#### Dataset:
========
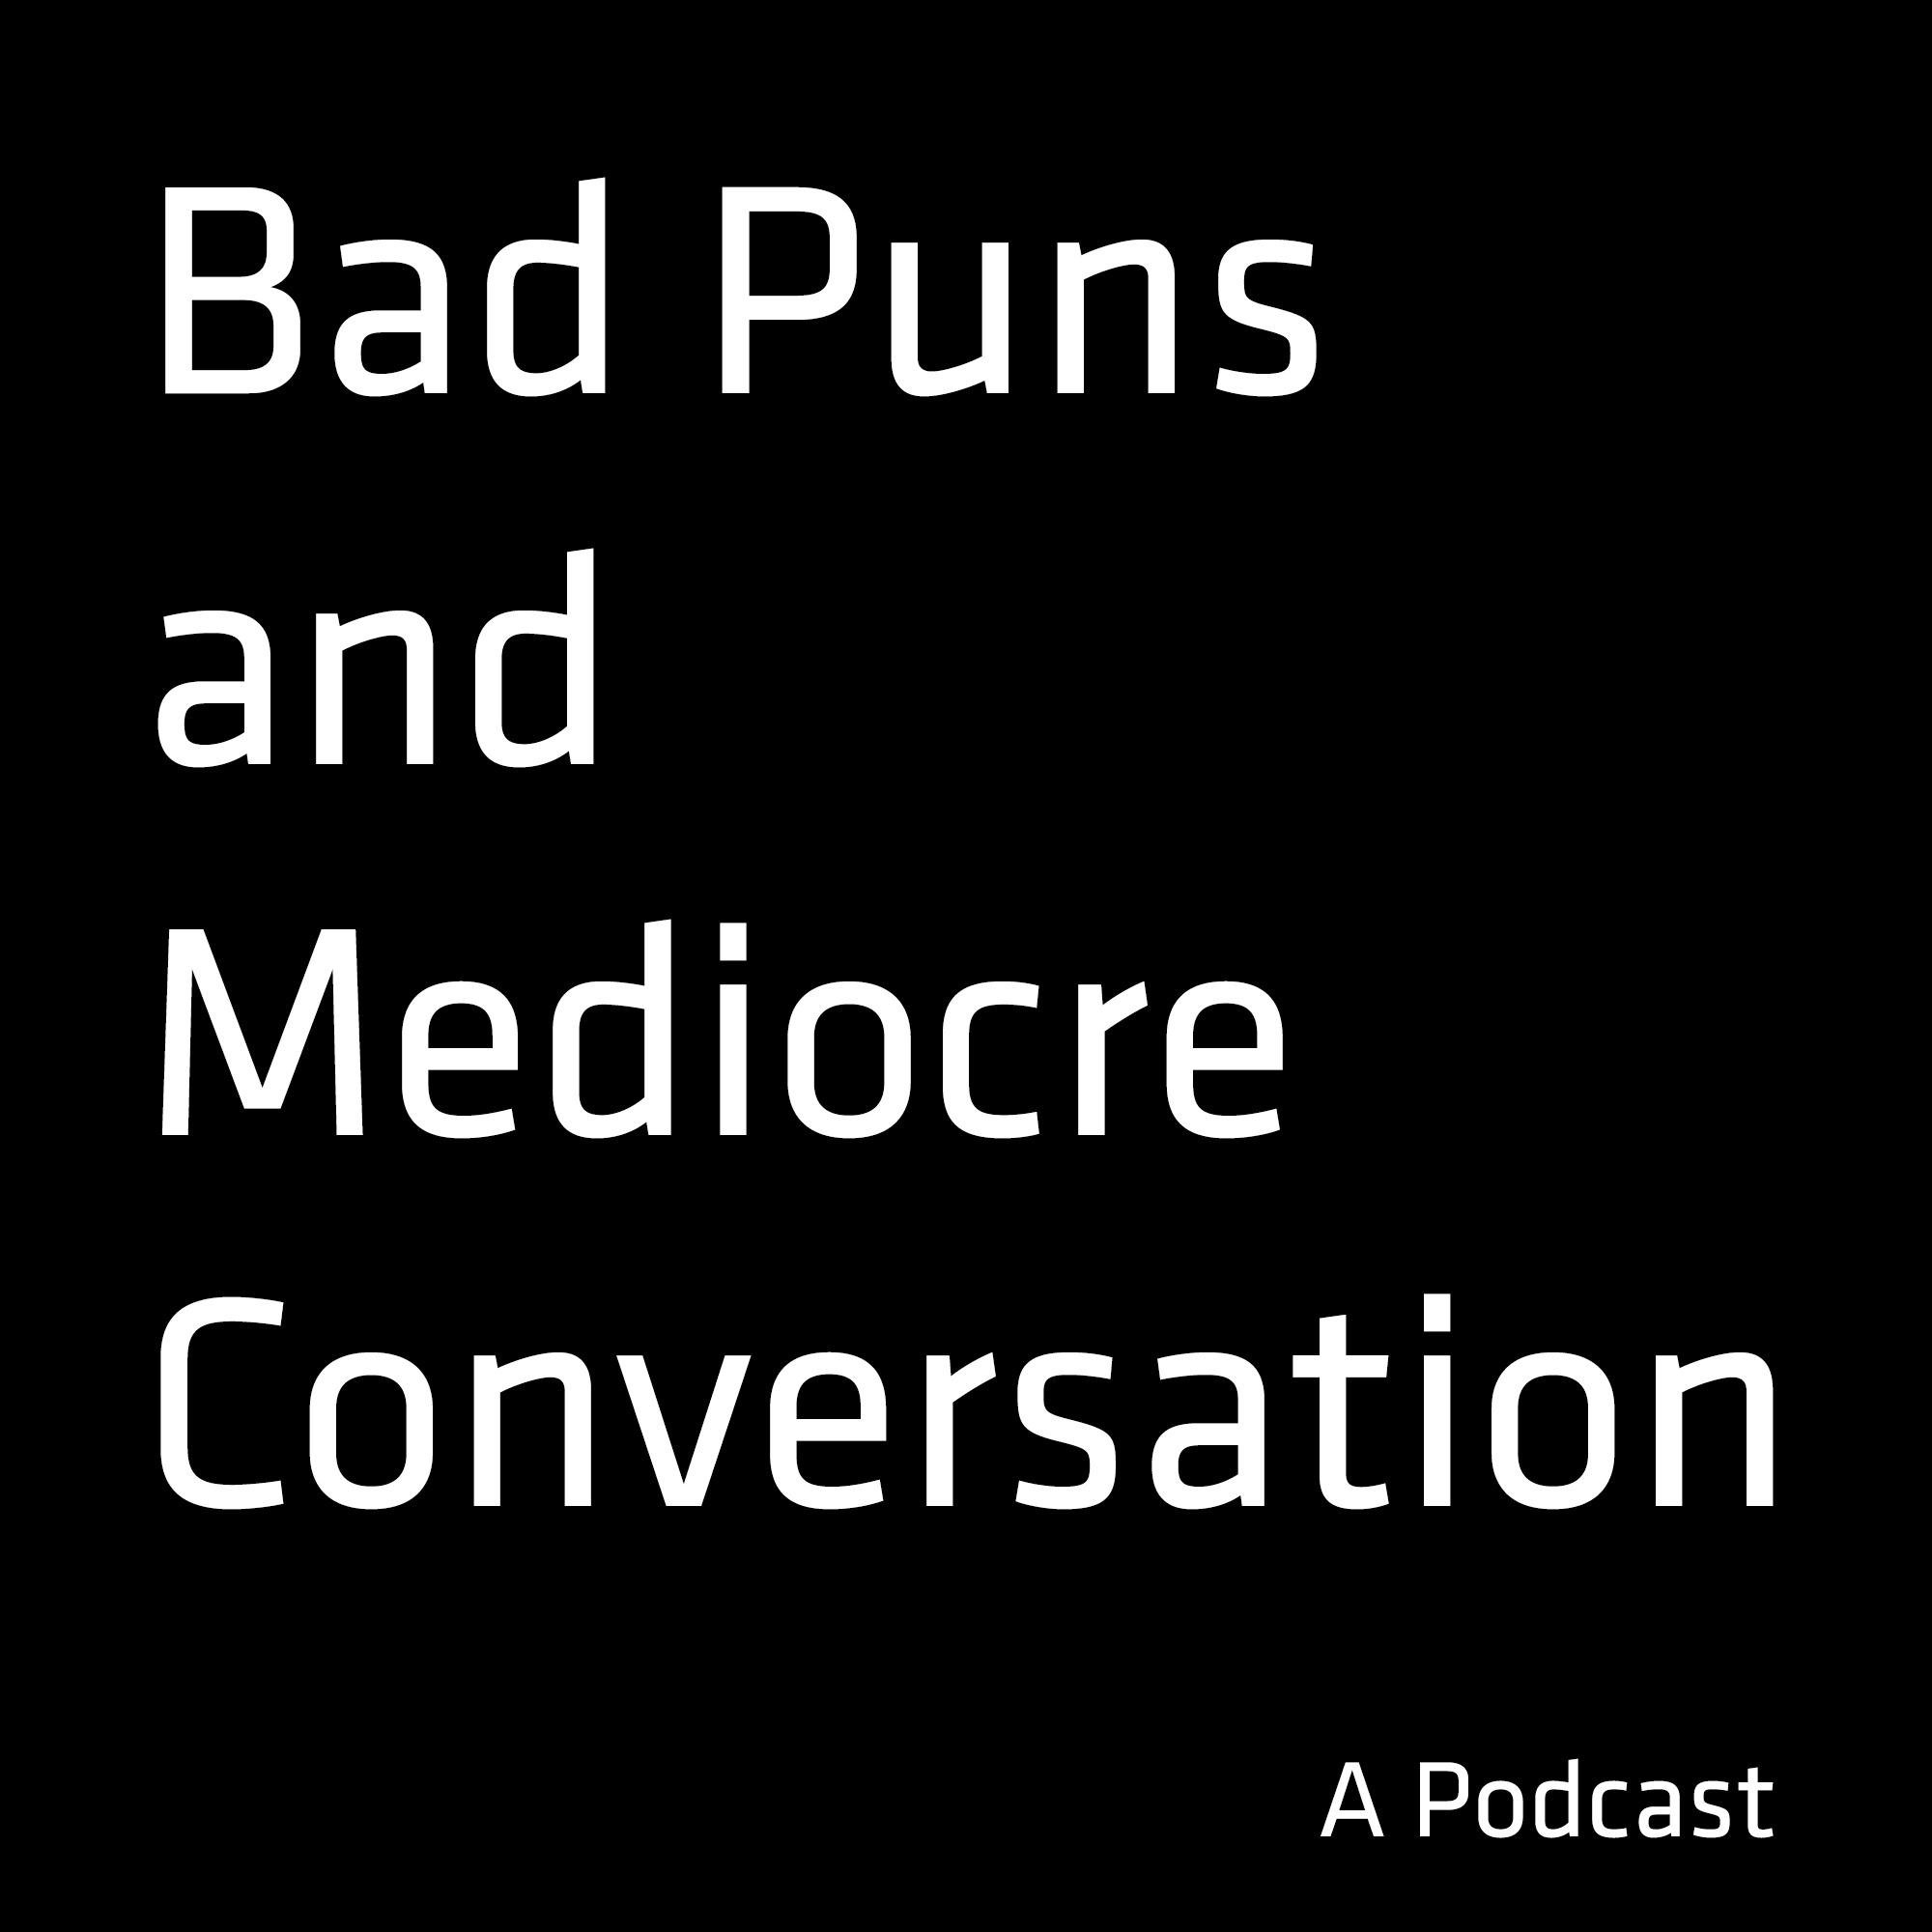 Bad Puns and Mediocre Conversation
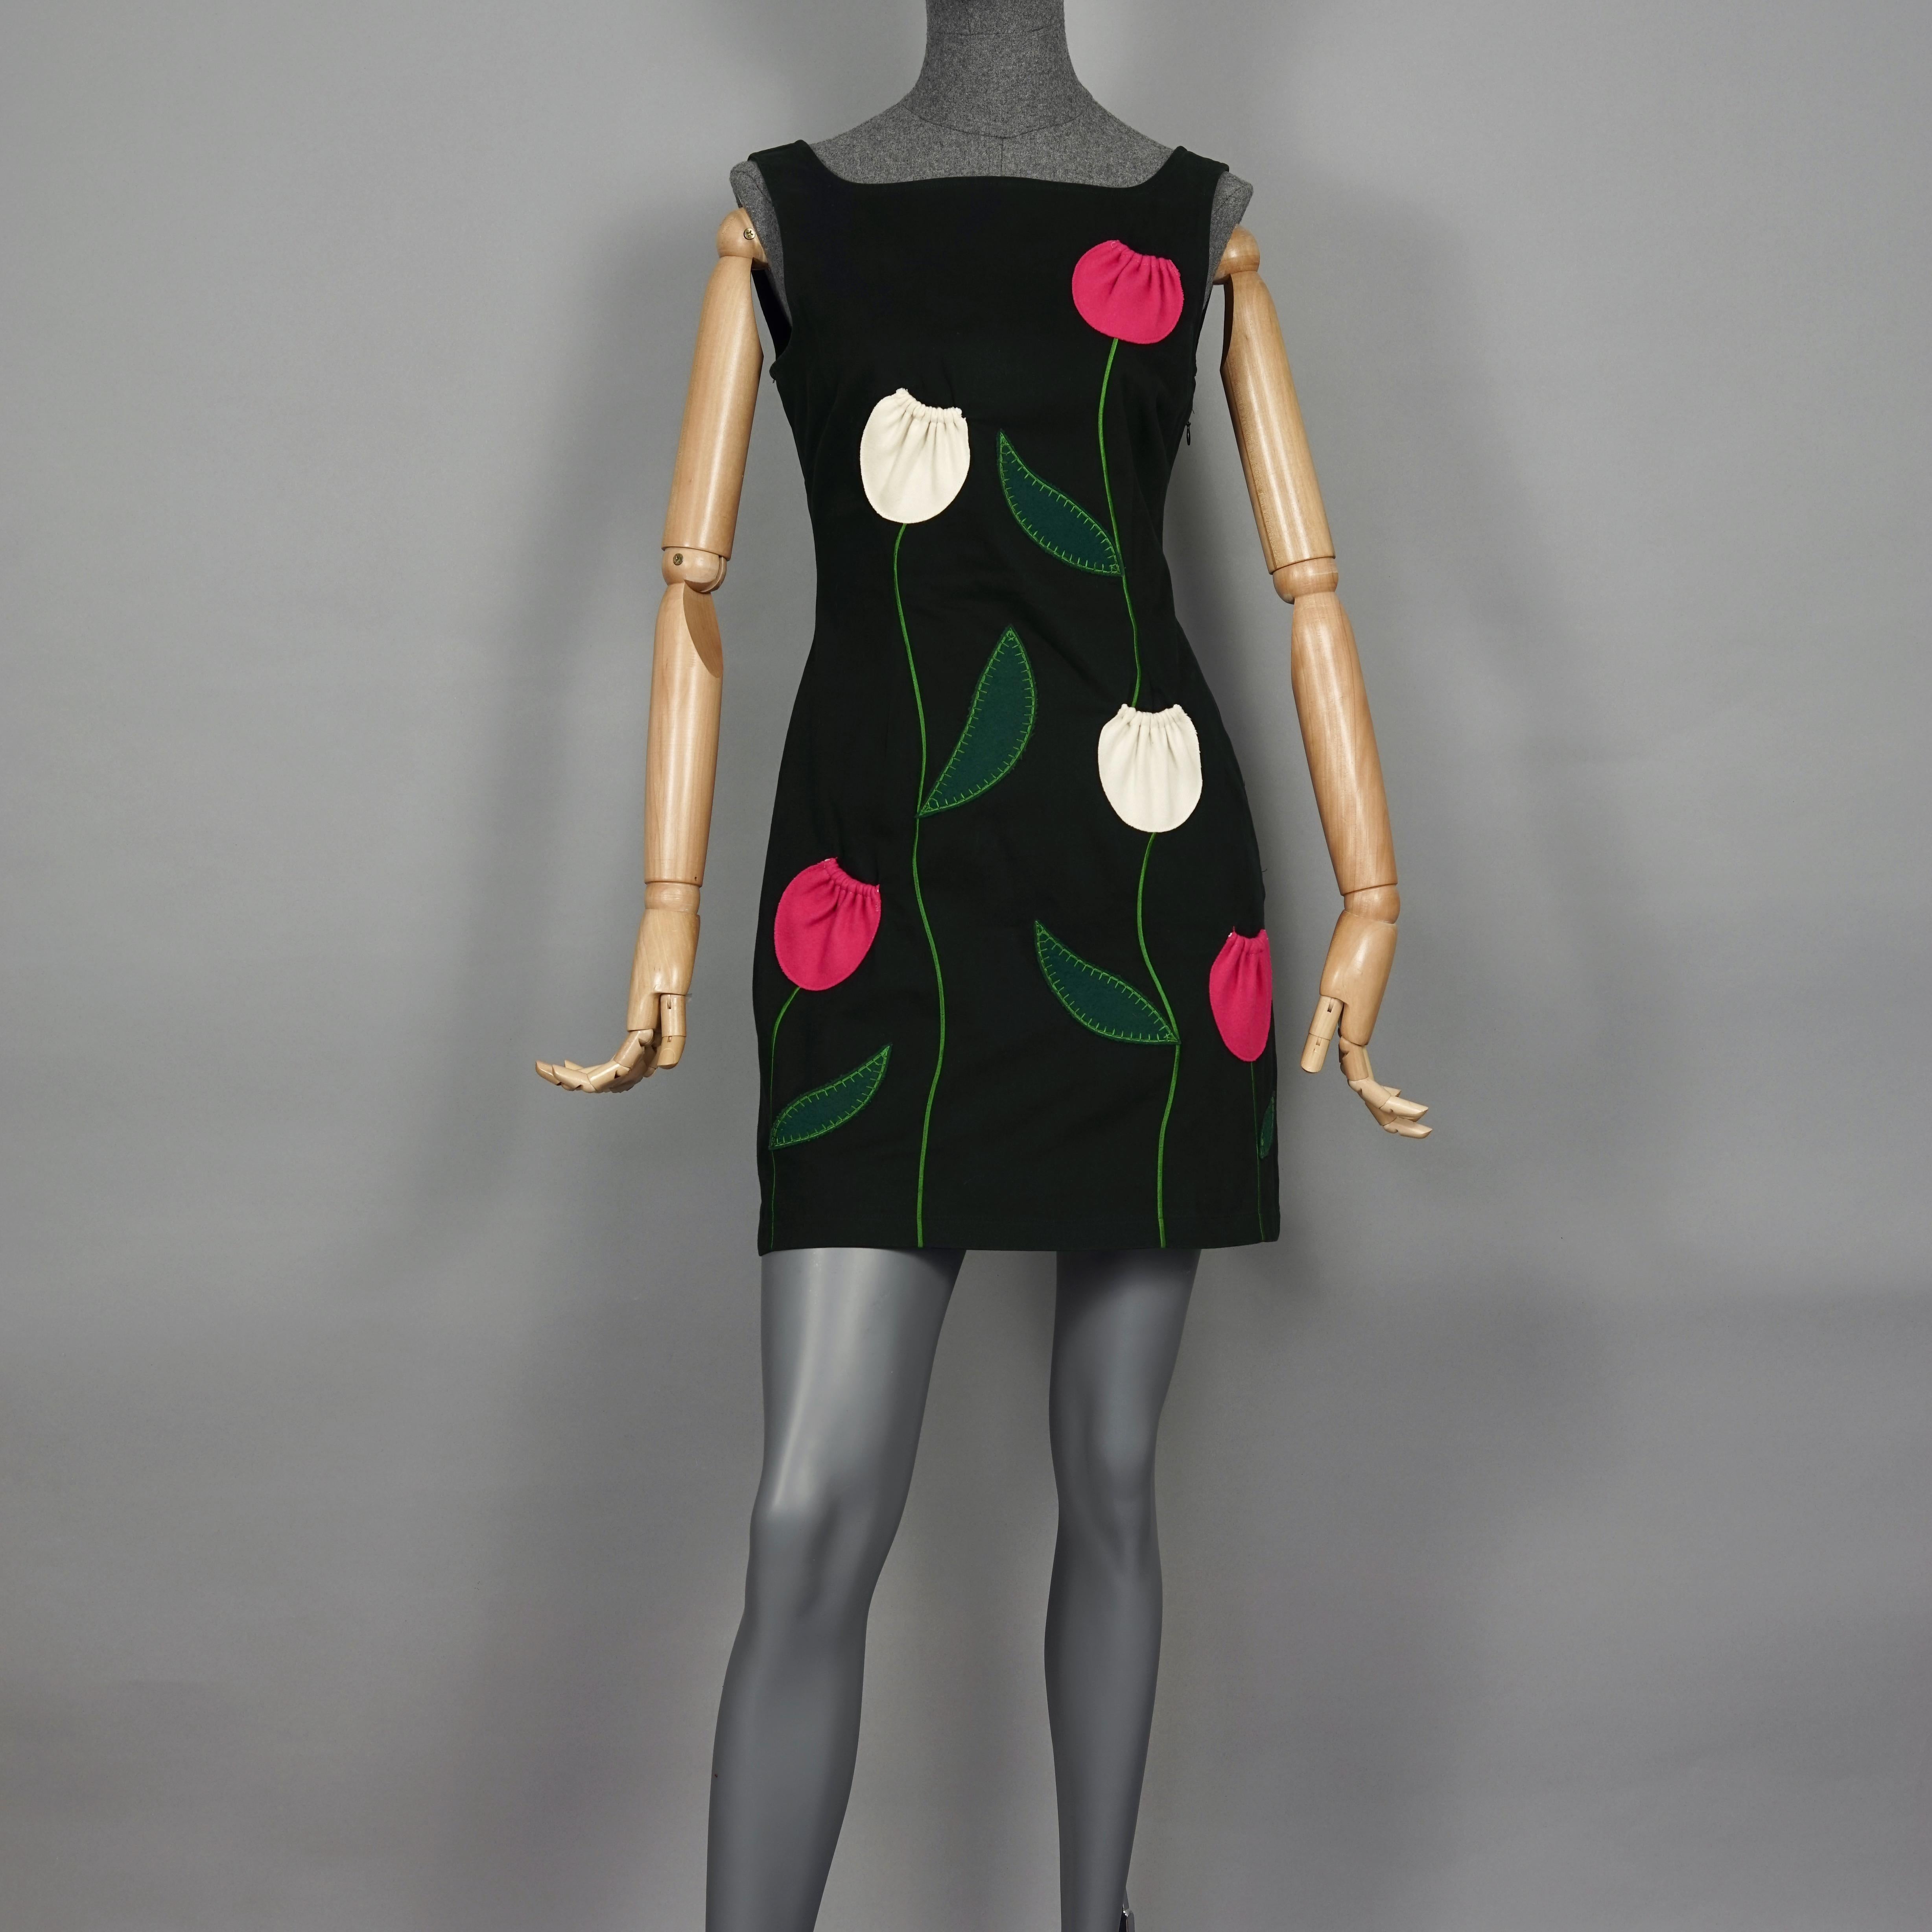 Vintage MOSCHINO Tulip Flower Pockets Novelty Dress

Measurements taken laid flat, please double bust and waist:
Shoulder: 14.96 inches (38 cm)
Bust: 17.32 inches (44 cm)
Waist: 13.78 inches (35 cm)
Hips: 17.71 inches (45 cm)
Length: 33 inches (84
========
#### About this exercise:
Give back the data exactly. Pictures stay out.

#### Result of the exercise:
 Bad Puns and Mediocre Conversation
 Vintage MOSCHINO Tulip Flower Pockets Novelty Dress

Measurements taken laid flat, please double bust and waist:
Shoulder: 14.96 inches (38 cm)
Bust: 17.32 inches (44 cm)
Waist: 13.78 inches (35 cm)
Hips: 17.71 inches (45 cm)
Length: 33 inches (84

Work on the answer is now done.